Facsimile Editions

By | Wednesday, October 12, 2022 Leave a Comment
I don't know if I'd call this a trend exactly, but Marvel and DC have put out a few books over the past couple years that are intended to be fascimilies of original editions. They don't just reprint the stories from old comics, but they include the old ads and promos and such as well. I've picked up several of them despite the "main" stories often are ones that I've already got in my collection in some form. I think I first read Superman's and Batmn's debut stories when I was maybe twelve years old and got a copy of A Smithsonian Book of Comic-Book Comics for my birthday. The other stories Action Comics #1 and Detective Comics #27 are largely dismissed as completely forgettable, so why bother with these new reprints? Why not get Superman Chronicles or Batman Chronicles so you just get the stories you really want to focus on anyway?

I was actually reading the Action Comics #1 facsimilie edition last night and it by itself really highlighted what I like and appreciate about these types of books. The Superman story, as I said, I've read before. But in reading it alongside Zatara the Magician, Chuck Dawson, Sticky-Mitt Stimson, Marco Polo, and others -- it really showcases why Superman was the breakout character. Typically, when you read about Superman, he gets referenced as the first superhero.
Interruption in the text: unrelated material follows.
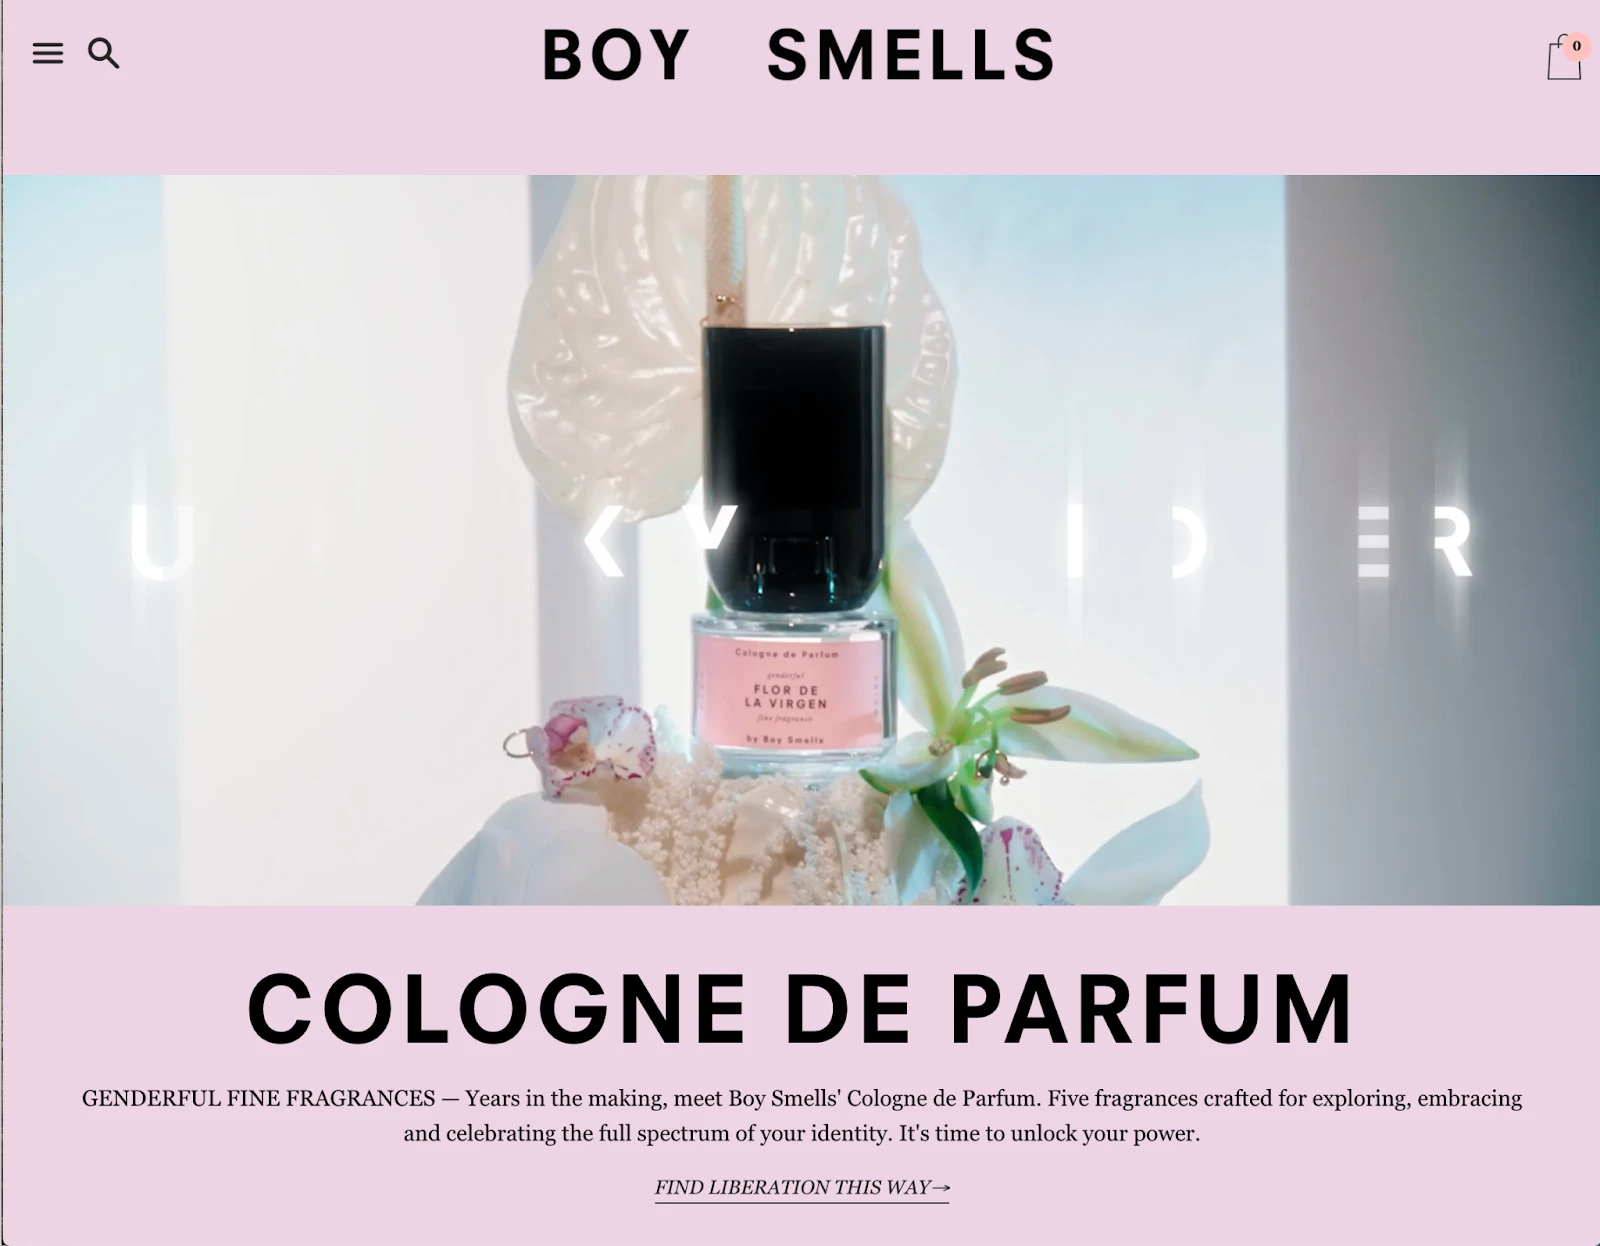 Boy Smells香水的品牌视觉形象包含了男性和女性气质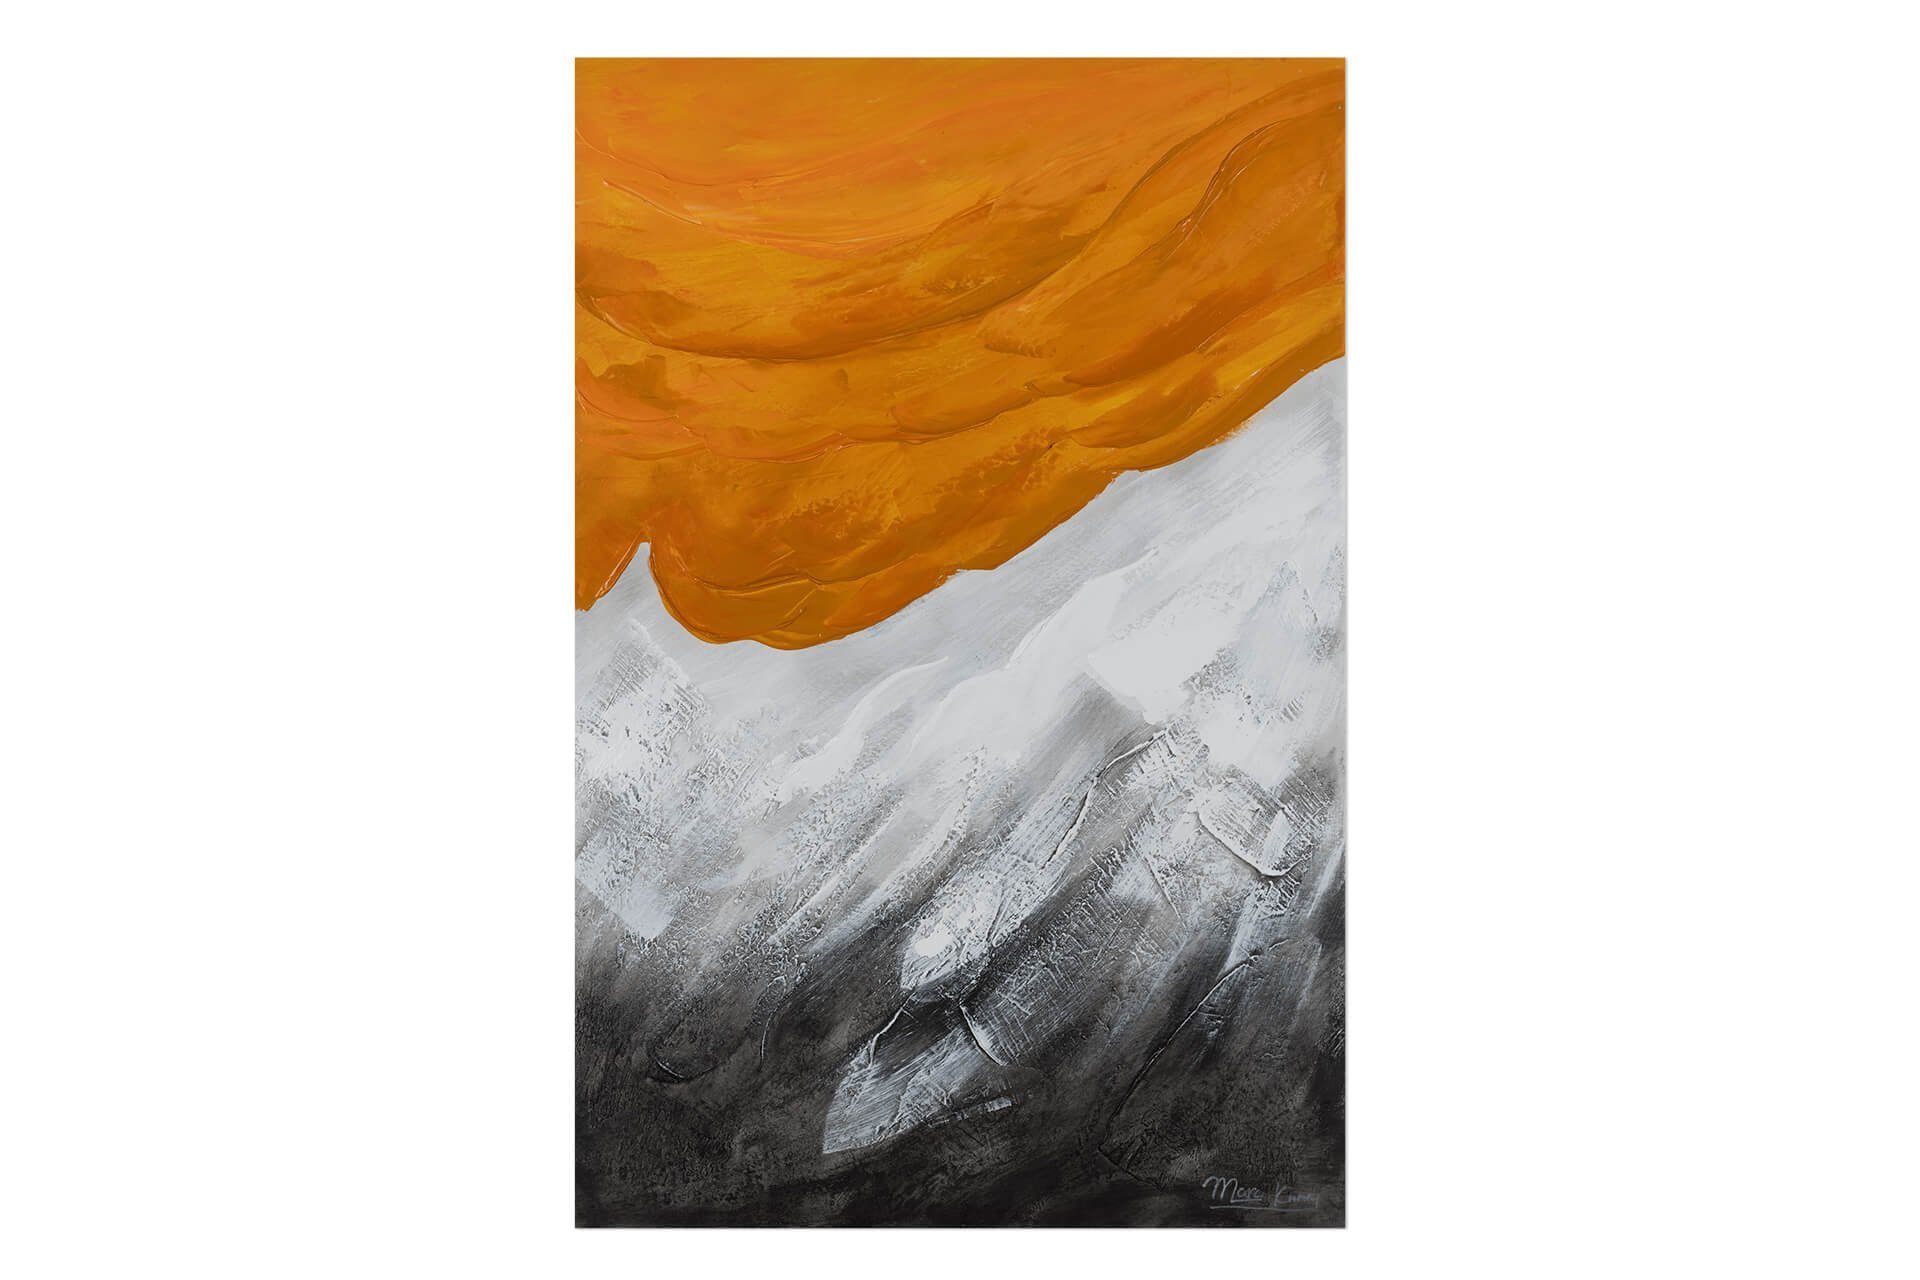 KUNSTLOFT Wohnzimmer Wandbild Leinwandbild Orange cm, 100% HANDGEMALT Gemälde 60x90 Evening

That specific point is debateable, depending on the defitions you're using, but he was likely the first superhero type character most of the young readers would've encountered in 1938. With his blue tights and flowing red cape, lifting cars above his head and having bullets bounce off his chest and all, it's easy to see why he would've been seen as fantastic in every sense of the word. So when you hear that kids in the day asked for "the comic with Superman in it," it immediately makes sense. It's easy to see how just the concept itself would've captured the public's imagination.

But in reading everything that went alongside that, that's not the only thing that was going on. The Superman story in Action #1 is not only the most creative conceptually, it's also the best story in the issue from a formal perspective as well. Reading it today, particularly in isolation, that's hard to see because it doesn't exactly have a world of nuance to it, but from a formal storytelling perspective, it is vastly superior to everything else in the issue. Most of the rest of the stories are closer to illustrated prose with heavy reliance on narrative captions, frequently almost to the exclusion of dialogue! And in most cases, the dialogue that is present is exceptionally stiff and expository, simply explaining what is ostensibly being told in the pictures. Which, frankly, you can't blame on the scripting because there's no storytelling in the artwork. A stereotypical complaint of artists working with a never-having-worked-in-comics-before writer is that they'll try to include multiple actions in a single panel, i.e. "Panel 1: He catches the ball and then throws it back to his friend." There seems to be a lot of that type of storytelling here.

The artwork in most of these stories is not only crudely drawn, but it's almost entirely unnecessary. I'm reminded of a quick experiment I tried years ago where I removed the art, but not the text, from an old EC comic page and it still read perfectly well. Many of the stories in Action Comics #1 read like that. Jerry Siegel and Joe Shuster are by far the standout contributors to the issue not because they're the ones who did Superman, but because they had a much better understanding and mastery of the form of comics. And that is something that I never really realized until putting the rest of the original issue in the same context.

I've touted the notion of context in reading comics many times before and this is precisely why I think it's significant. Even if you've read those early Superman or Batamn stories, I think it's worth checking out at least some of these new reprints to really appreciate just how much they stood out from even the stories in the very same issues!